For good reason, Google has a reputation for using this sort of distributed computing system to reach new heights on the web. But Harry Shum, who oversees research and development for Microsoft’s Bing search engine, believes his company has now matched Google’s ability to build software platforms that can harness the power of tens of thousands of servers.
“If you look at the freshness of our queries, I hope you feel that Bing’s freshness — search quality in terms of freshness — is at least on par with Google.”
“What Caffeine is good at is freshness — how quickly you can crawl, index and serve documents,” Shum tells Wired. “This is something that we take very, very seriously [at Microsoft]. If you look at the freshness of our queries, I hope you feel that Bing’s freshness — search quality in terms of freshness — is at least on par with Google. And, yes, it all starts with the infrastructure.”
Harry Shum joined the Bing team in 2007, after eleven years with Microsoft’s research arm. The task at hand was enormous: catch up to Google. Five years on, Google is still the world’s dominant search engine — some estimates put its market share as high as 85 or 90 percent — but Shum believes that Bing has finally reached a point where it can compete with Google on a technical level.
“For many years, we’ve really tried to play the catch-up game,” Shum says. “And now we feel that after a lot of effort, we understand search quality problems better than before, and that if you look at Google and Bing, the quality is beginning to be very comparable.” In an effort share Bing’s improvements with the world at large, Shum and company recently launched a blog that discusses the company’s ongoing efforts to improve “search quality.”

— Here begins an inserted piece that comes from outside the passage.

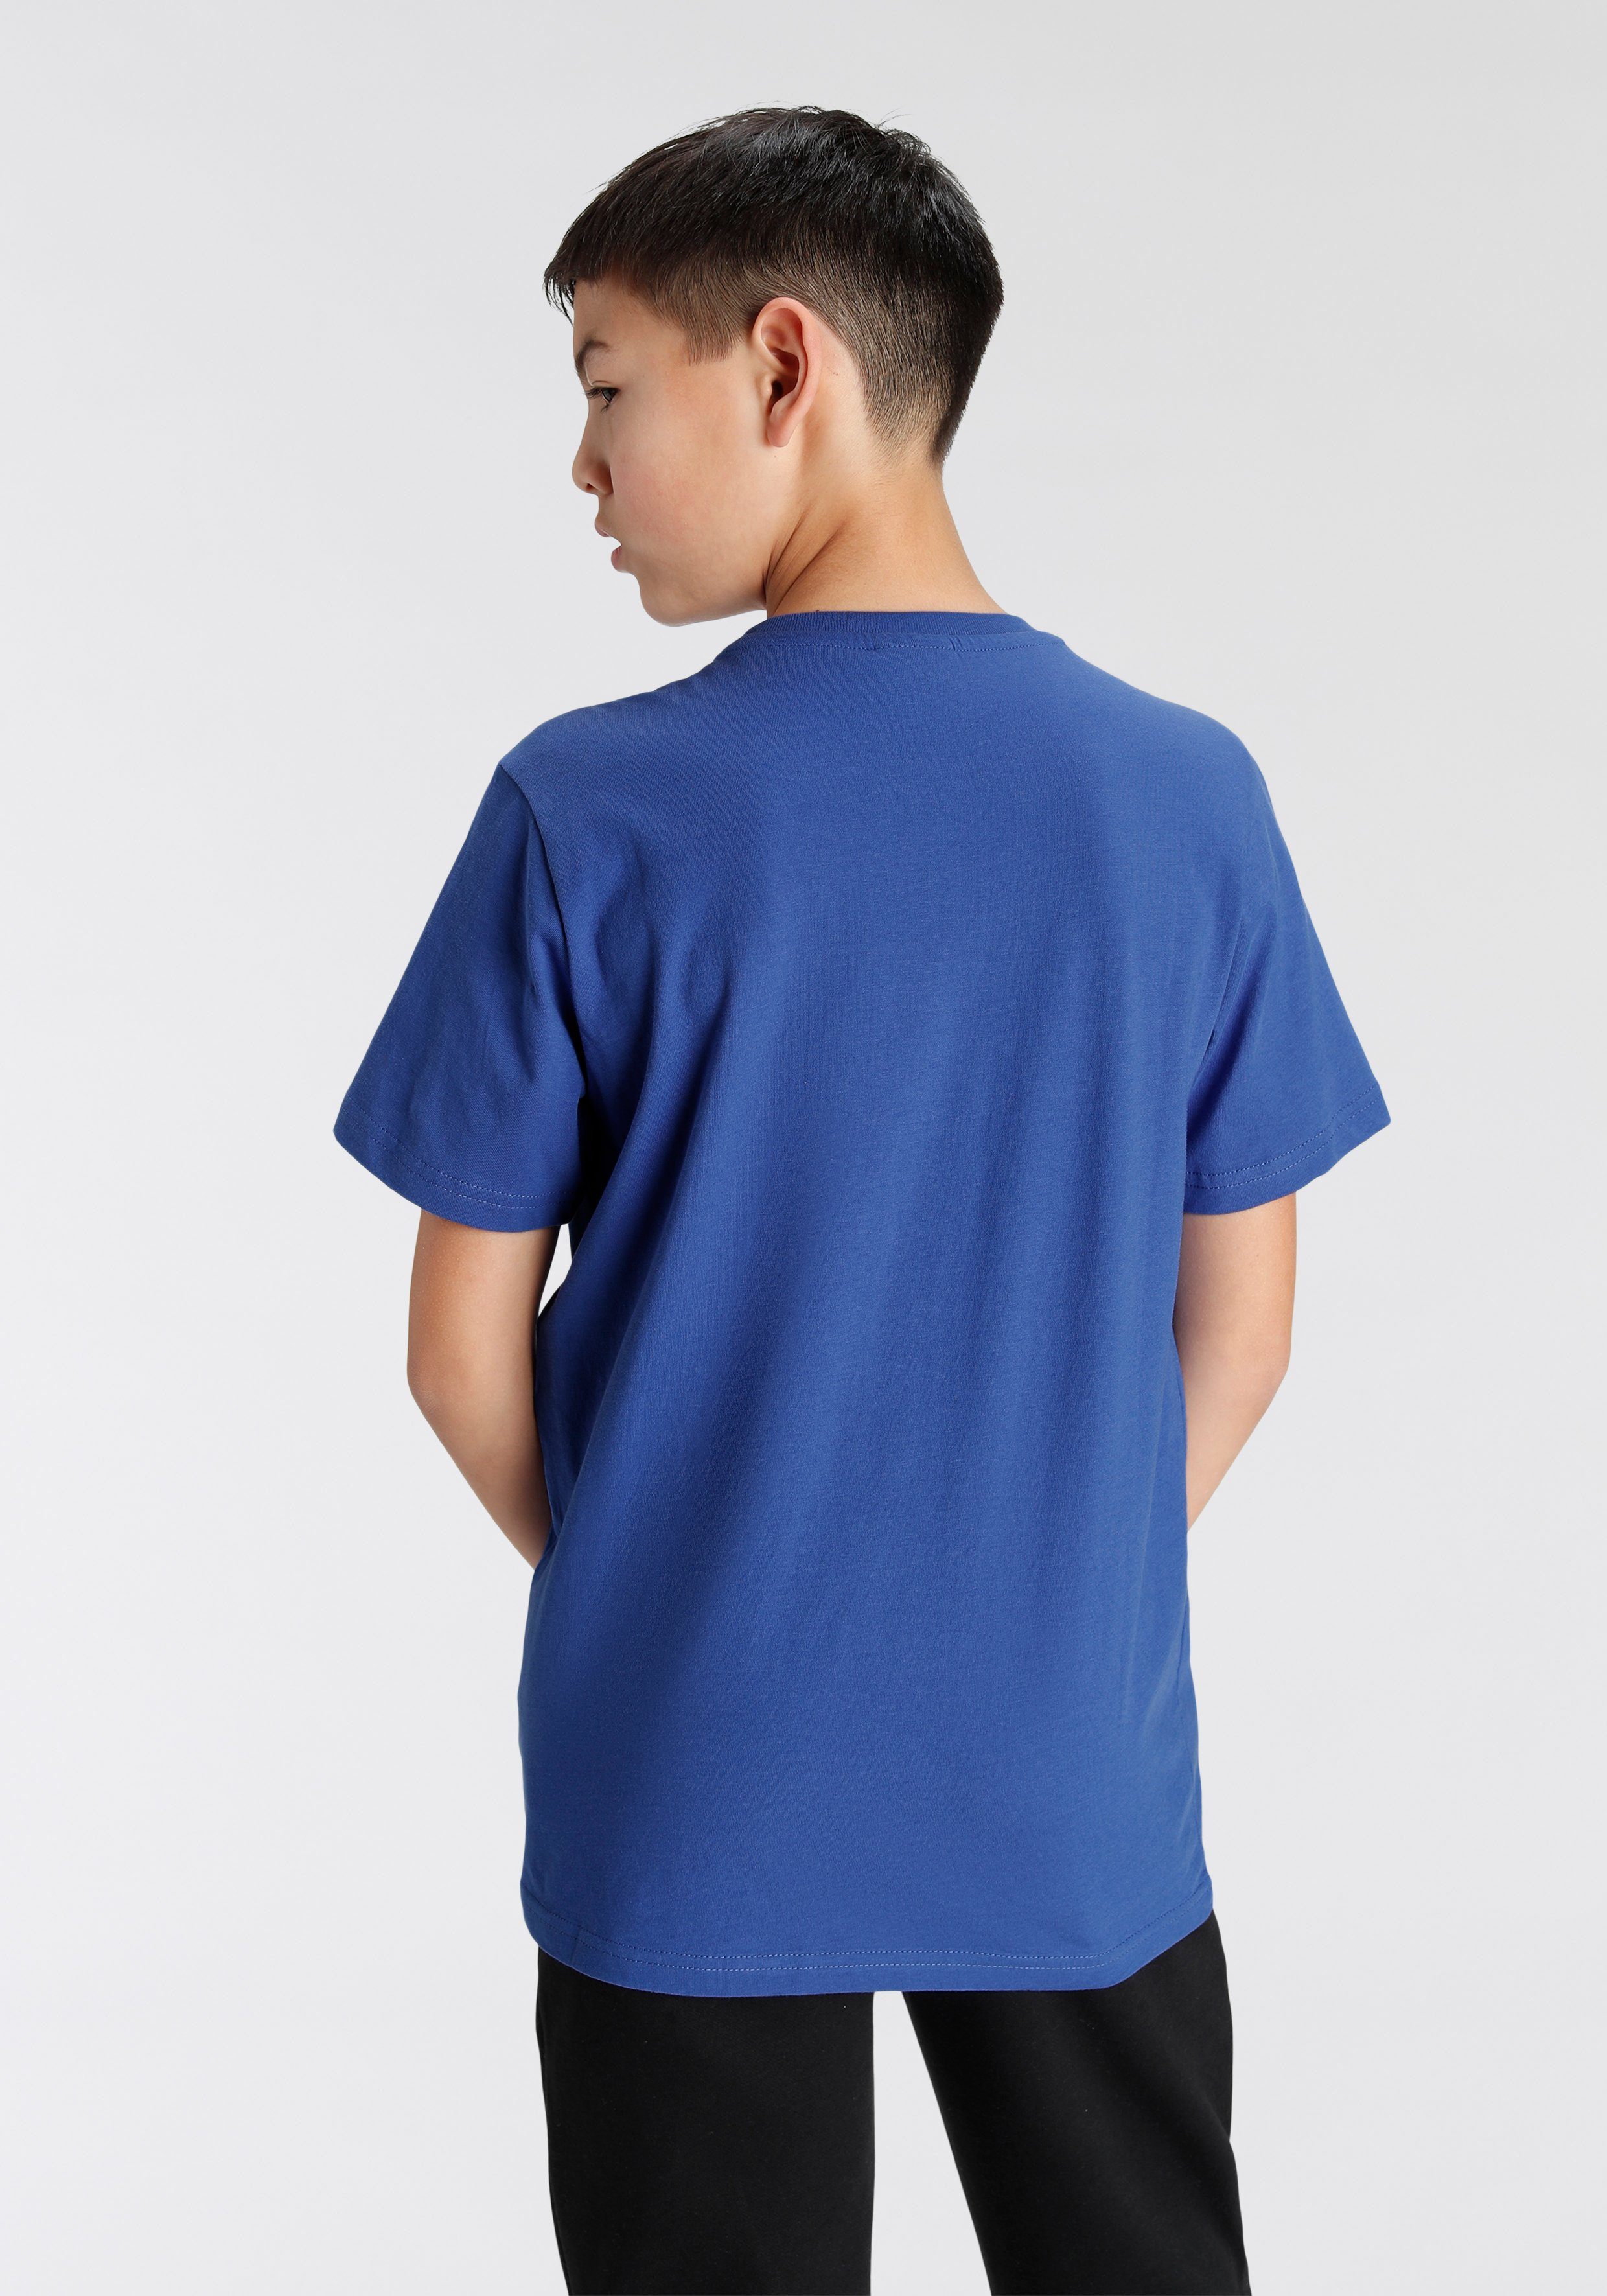 Kinder Crewneck für - 2Pack blau/weiß T-Shirt Champion T-Shirt

No doubt, Google would disagree with Shum’s comparison, but it declined to comment. The company did point to a blog of its own where Google engineers discuss the improvements to its search engine. And it highlighted the role of Caffeine. The company’s Caffeine index spans 100 million gigabytes of data, and thanks to the platform, the company says, it can now add content from news sites and blogs within “seconds or minutes” of publication.
Shum’s contention is that Microsoft’s indexing system isn’t that different from Caffeine, which Google’s discusses in a research paper published in the fall of 2010. “Some of the functionalities that Caffeine added, we already had running internally,” Shum says, “including some of the big things they claimed were new. But at the same time, when we look at our systems and we see we need to build something new, we do that.”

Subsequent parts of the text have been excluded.